NAME
DataStore::CAS::FS::Importer - Copy files from filesystem into DataStore::CAS::FS.
VERSION
version 0.010100_03
SYNOPSIS
my $cas_fs= DataStore::CAS::FS->new( ... );
# Defaults are reasonable
my $importer= DataStore::CAS::FS::Importer->new();
$importer->import_tree( "/home/user", $cas_fs->path('/') );
$cas_fs->commit();
# Lots of customizability...
$importer= DataStore::CAS::FS::Importer->new(
dir_format => 'unix', # optimized for storing unix-attrs
filter => sub { return ($_[0] =~ /^\./)? 0 : 1 }, # exclude hidden files
die_on_file_error => 0, # store placeholder for files that can't be read
);
DESCRIPTION
The Importer is a utility class which performs the work of scanning directory entries of the real filesystem, storing new files in the CAS, and encoding new directories and storing those in the CAS as well. It has conditional support for the various Perl modules you need to collect all the metadata you care about, and can be subclassed if you need to collect additional metadata.
ATTRIBUTES
dir_format
$class->new( dir_format => 'universal' );
$importer->dir_format( 'unix' );
Read/write. Directory format to use when encoding directories. Defaults to 'universal'
.
Directories can be recorded with varying levels of metadata and encoded in a variety of formats which are optimized for various uses. Set this to the format string of your preferred encoder.
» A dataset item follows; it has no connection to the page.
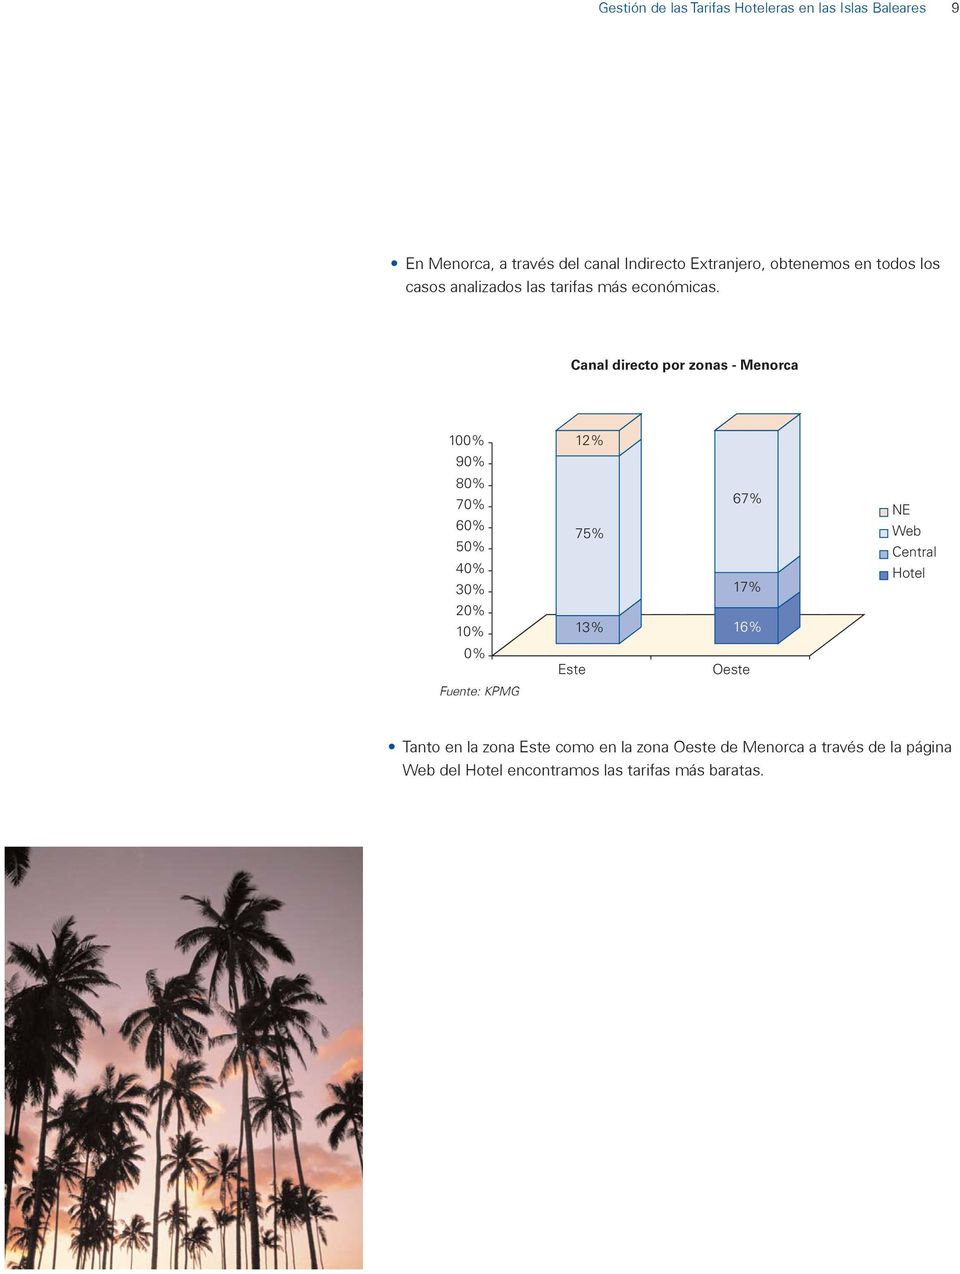 Canal directo por zonas - Menorca 12% 7 3 75% 13% 67% 17% 16% Web Central Hotel Este Oeste Tanto

The format strings are registered by DirCodec classes when loaded. Built-in formats are 'universal', 'minimal', or 'unix'. (more are planned)
Calls to "import_tree" will encode directories in this format. If you wish to re-use the previously encoded directories during an incremental backup, you must use the same dir_format
as before. This is because all directories get re-encoded every time, and the ones containing the same metadata will end up with the same digest-hash, and be re-used.
filter
Read/write. This optional coderef (which may be an object with overloaded function operator) filters out files that you wish to ignore when walking the physical filesystem.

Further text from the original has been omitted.